### Brief
An exact reproduction of the data below is expected, free of images.

### Entries shown
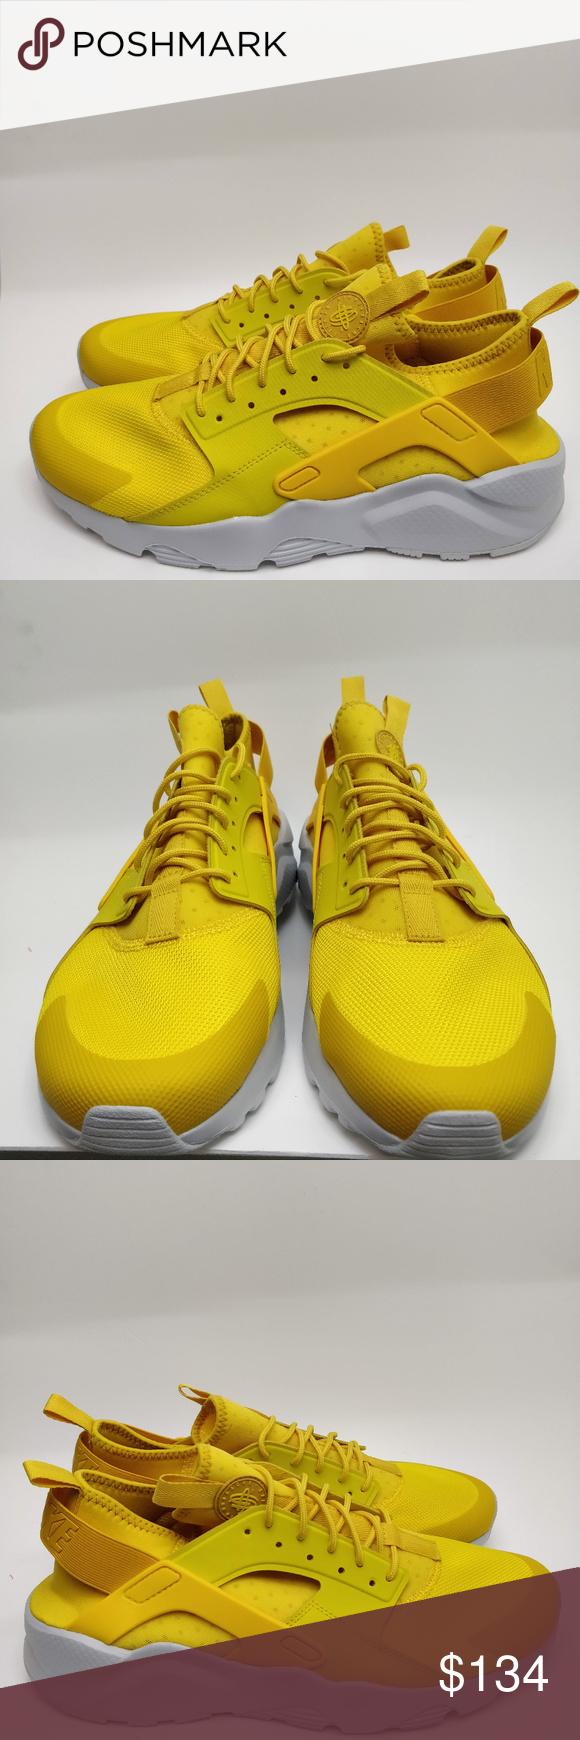 9e5480cd04a7 Nike Air Men Huarache Run Ultra Mineral Yellow Run Nike Air Men Huarache  Run Ultra Mineral Yellow Running Size 12 819685-700 Nike Shoes Sneakers
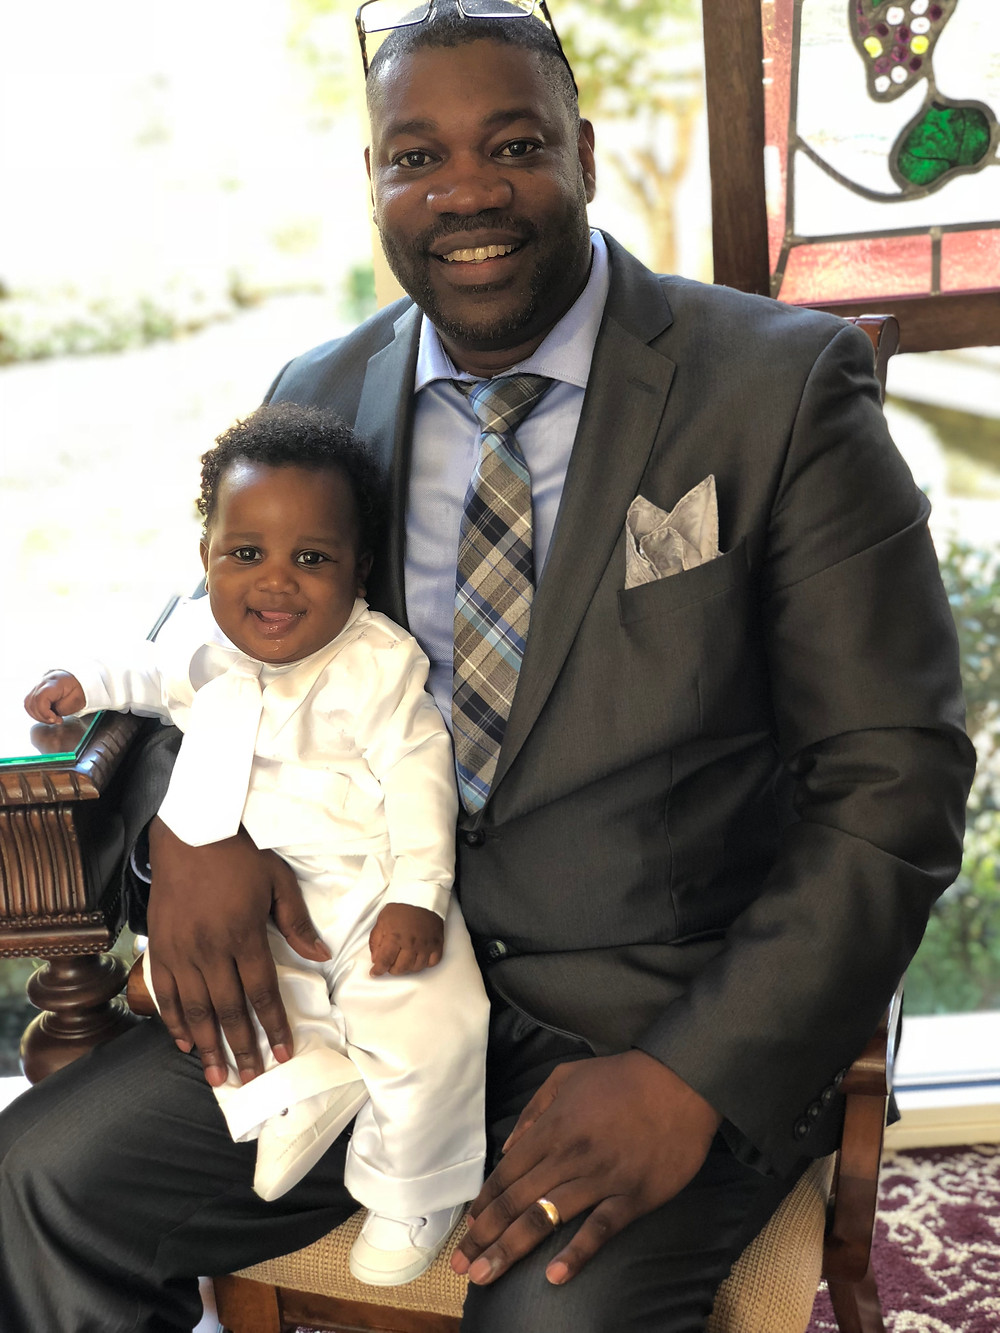 Introducing my son Israel Kukiriza Nkugwa the 3rd
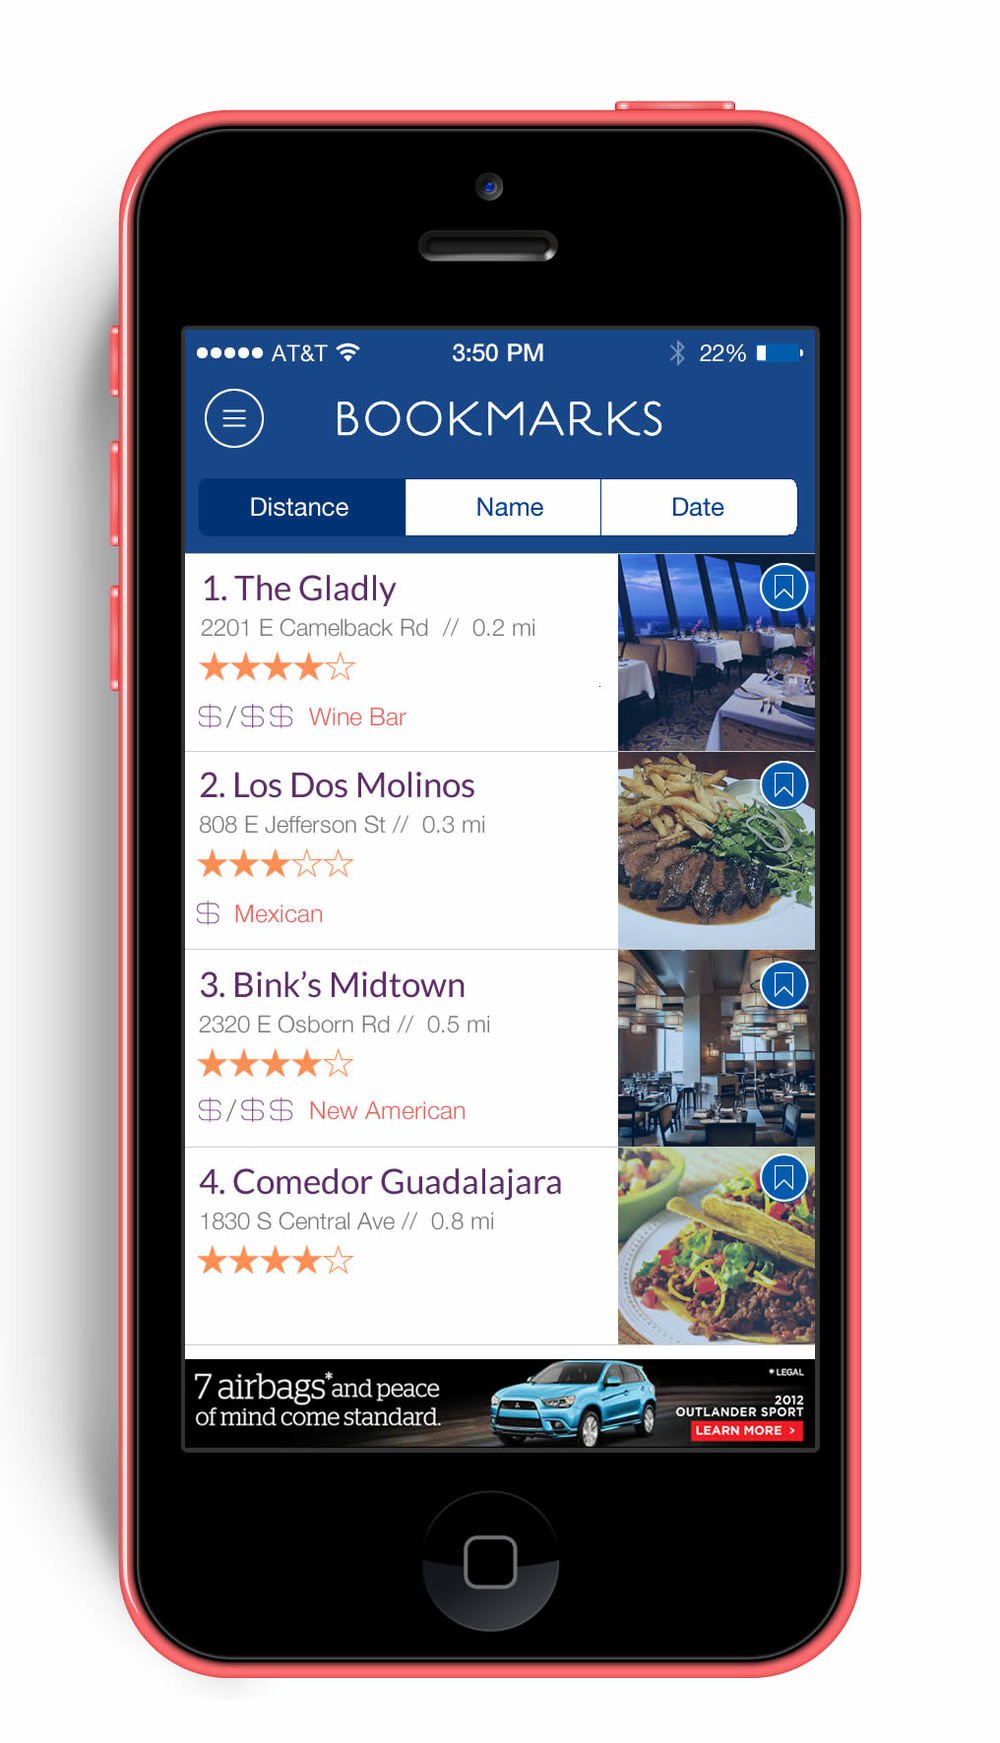 13BO-iOS7-Bookmarks.jpg
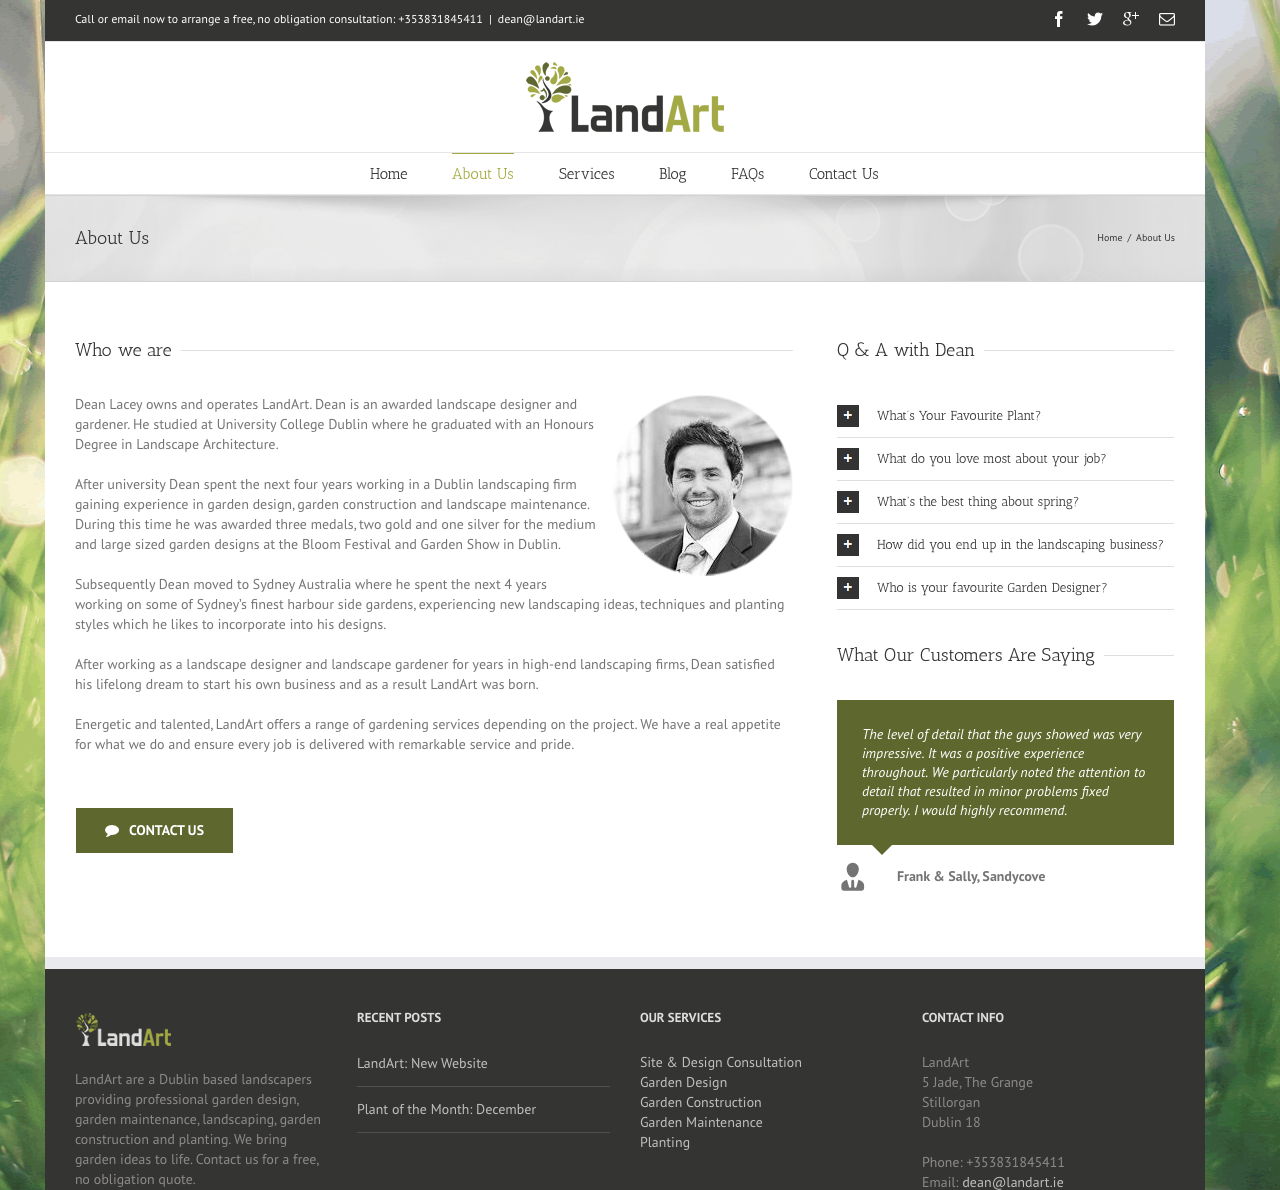 LandArt Website Design About
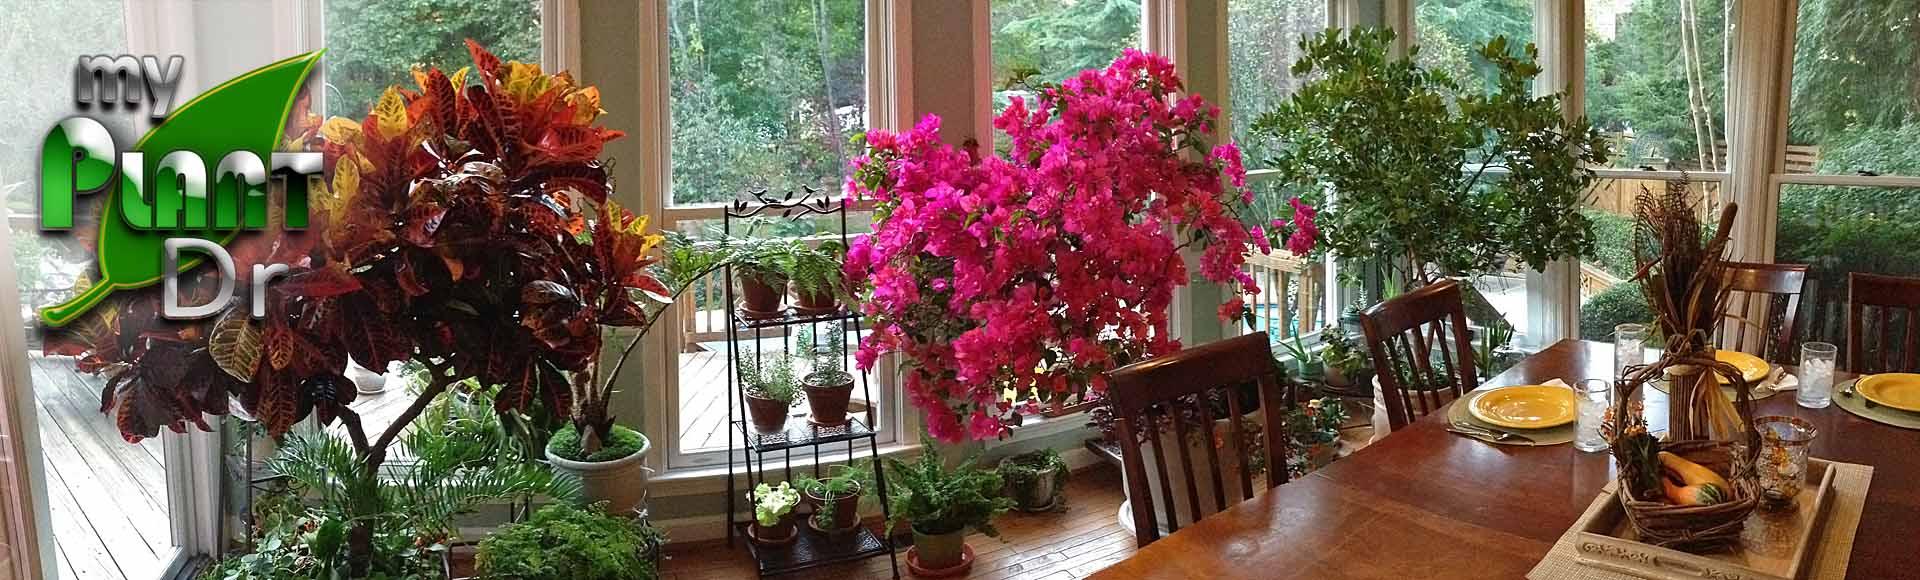 Favorite Plants

### Your solution
 9e5480cd04a7 Nike Air Men Huarache Run Ultra Mineral Yellow Run Nike Air Men Huarache  Run Ultra Mineral Yellow Running Size 12 819685-700 Nike Shoes Sneakers
 Introducing my son Israel Kukiriza Nkugwa the 3rd
 13BO-iOS7-Bookmarks.jpg
 LandArt Website Design About
 Favorite Plants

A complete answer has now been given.